Putin also pledged that a change of Ukraine’s government will not alter Russia’s $15 billion loan and cheap natural gas deal with Ukraine.

Russia offered the deal after Yanukovych in November rejected a trade and political agreement with the EU in favor of closer relations with Russia.

Standard & Poor’s downgraded Ukraine’s credit rating on January 28, saying the Russian loans are uncertain under a new government.

Parliament’s decision on January 28 to overturn the antiprotest laws came after Prime Minister Mykola Azarov -- a loyal Yanukovych ally -- announced his resignation along with his cabinet.

Azarov's spokesman said First Deputy Prime Minister Serhiy Arbuzov, a former central-bank chief, would be acting prime minister.
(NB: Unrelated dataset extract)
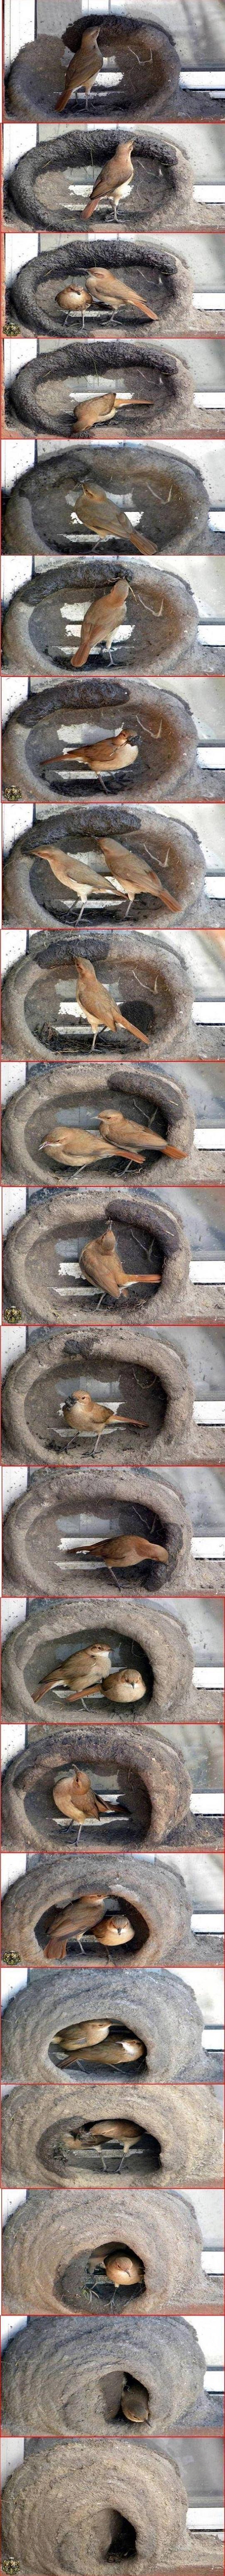 Как птицы строят гнезда

Other ministers would continue in an acting capacity until a new government is formed.

Azarov said he was resigning in order to peacefully resolve Ukraine’s crisis.

Opposition leader Vitali Klitschko said Azarov's resignation was only "a step to victory."

"This resignation had to take place a month ago but unfortunately we lost this month and during this month the temperature in the society has risen dramatically," Klitschko said.

"I am confident that there was no other way out," Klitschko continued. "I am certain that as the question of the government's responsibility was on the agenda at the parliament [on January 28], Azarov knew about it and did everything to save face."

Opposition leader Yuriy Lutsenko, a former Ukrainian interior minister, demanded Yanukovych’s resignation as well and new elections:

"The fact that the political process has finally started, that the government has finally heard the demands of millions of people, and the parliament is doing what it was supposed to have done long ago, the repeal of fascist [antiprotest] laws is definitely great," Lutsenko said.

"The amnesty for all those who took part in [protest] rallies, except for those who killed and tortured, is definitely a plus," he said. " However, we are calling for more than just a replacement of Azarov's cabinet -- a replacement of faces; we are calling for a replacement of the entire system."

Opposition leader Oleh Tyahnybok said Azarov's resignation was an attempt to escape "political and criminal responsibility" for Ukraine's crisis:

Tyahnybok said: "We have expected such a move from them because every time we were bringing up the question of the government's resignation and the responsibility of some ministers of the government, namely [Interior Minister Vitaliy] Zakharchenko, for all that is going on in Ukraine, we understood that authorities were looking for the most favorable options for them to escape political and criminal responsibility and also to save face in front of their own team."

Meanwhile, a more radical faction within the opposition protest movement has issued its own demands.

Right Sector, reported to be the driving force behind recent protest violence, said it wants officials responsible for the deaths and abuse of protesters to be punished. It also wants Ukraine's riot police disbanded.

Based on reports by RFE/RL's Ukrainian Service, Reuters, AP, and AFP.